Inside AFP

Rebecca Poage, M.D., Accepts John C. Rose Medical Editing Fellowship

Am Fam Physician. 2003 Aug 1;68(3):402.

AFP is pleased to announce the newest name on its list of medical editors: Rebecca Poage, M.D., has accepted the John C. Rose medical editing fellowship and, as of July 1, has joined the staff of medical editors based at Georgetown University Medical Center, Washington, D.C. A graduate of the University of Rochester (N.Y.) School of Medicine, Dr. Poage recently completed a residency in family medicine at the Sutter Medical Center of Santa Rosa in California.

Dr. Poage became interested in the fellowship after learning of the unique blend of opportunities the fellowship offers. Supported in part by Georgetown University and in part by the American Academy of Family Physicians, the fellowship combines editing, teaching and clinical roles. Dr. Poage's love for language, teaching, and medicine made this fellowship a perfect fit.

According to Dr. Poage, the path she took toward medicine was circuitous, although she has always leaned toward languages and teaching. Her undergraduate degree was in European studies, with an emphasis on German and French literature. She spent several years studying in Europe and taught English as a second language for two years at an international high school in Switzerland. Her broad interests, need for intellectual challenge, and desire to help people led her to cast a larger net of thinking about her career, and she took a turn to medicine.
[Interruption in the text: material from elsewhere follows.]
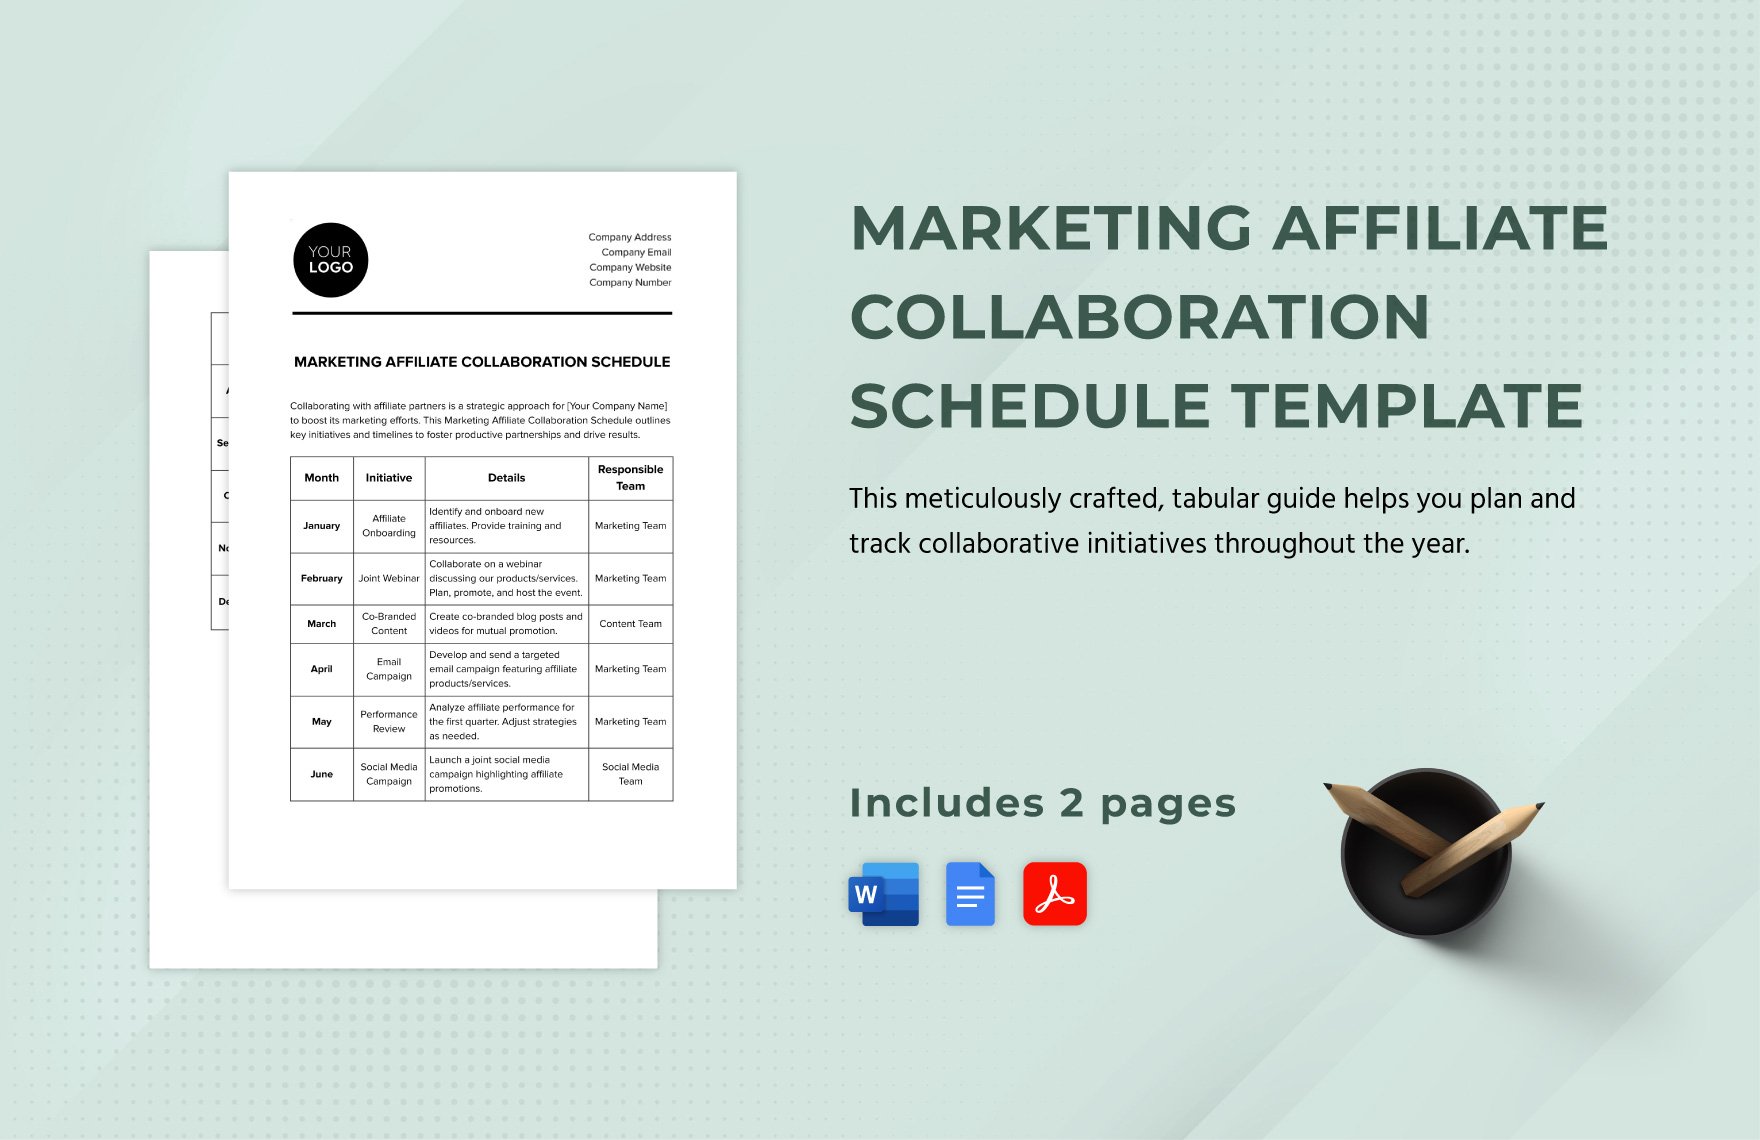 Marketing Affiliate Collaboration Schedule Template in Word, Google Docs, PDF

She completed her premedical requirements during a post-baccalaureate year at Bryn Mawr (Pa.) College, and then entered medical school at Rochester, where she continued to have an international focus. She spent one summer helping out at a remote village clinic in Mexico and another summer working at a health center in Guatemala. During these trips she immersed herself in Spanish, which she has been using with many of her patients ever since.

The decision to enter family medicine was an easy one for her. The scope and practicality of the specialty appealed to her from the beginning, and her positive experiences with family medicine teachers reaffirmed her decision. At her residency in Santa Rosa, she worked with an underserved, largely Spanish-speaking population and drew once again on her language skills.

After residency, Dr. Poage headed back to Europe for several months of travel, hiking, revisiting old friends, beginning Italian—and even honing her baking skills (which would be highly valued here at AFP)—before plunging into her medical career. On return home, she worked four months as a locum tenens, filling in for a solo practitioner on maternity leave.

When Dr. Poage saw the medical editing fellowship announcement, she recognized a perfect chance to combine clinical medicine, teaching, and editing. Two days each week, she'll have clinical duties involving underserved populations in Washington, D.C. Her Spanish and French will be useful when she treats patients from Central America and North Africa. She'll also precept for half a day per week with residents at Georgetown University and have ample opportunities to teach first-and third-year medical students. She'll devote the remainder of her time to medical editing work.

One of her goals as a physician is to further the cause of effective communication in the medical world. With medical students and residents, she hopes to model lively teaching and jargon-free, intelligible discussions with patients. As an editor of manuscripts for AFP, she can use her language skills to enhance the clarity and accuracy of articles written to guide medical practice. With Dr. Poage as a role model, we're betting the message gets through.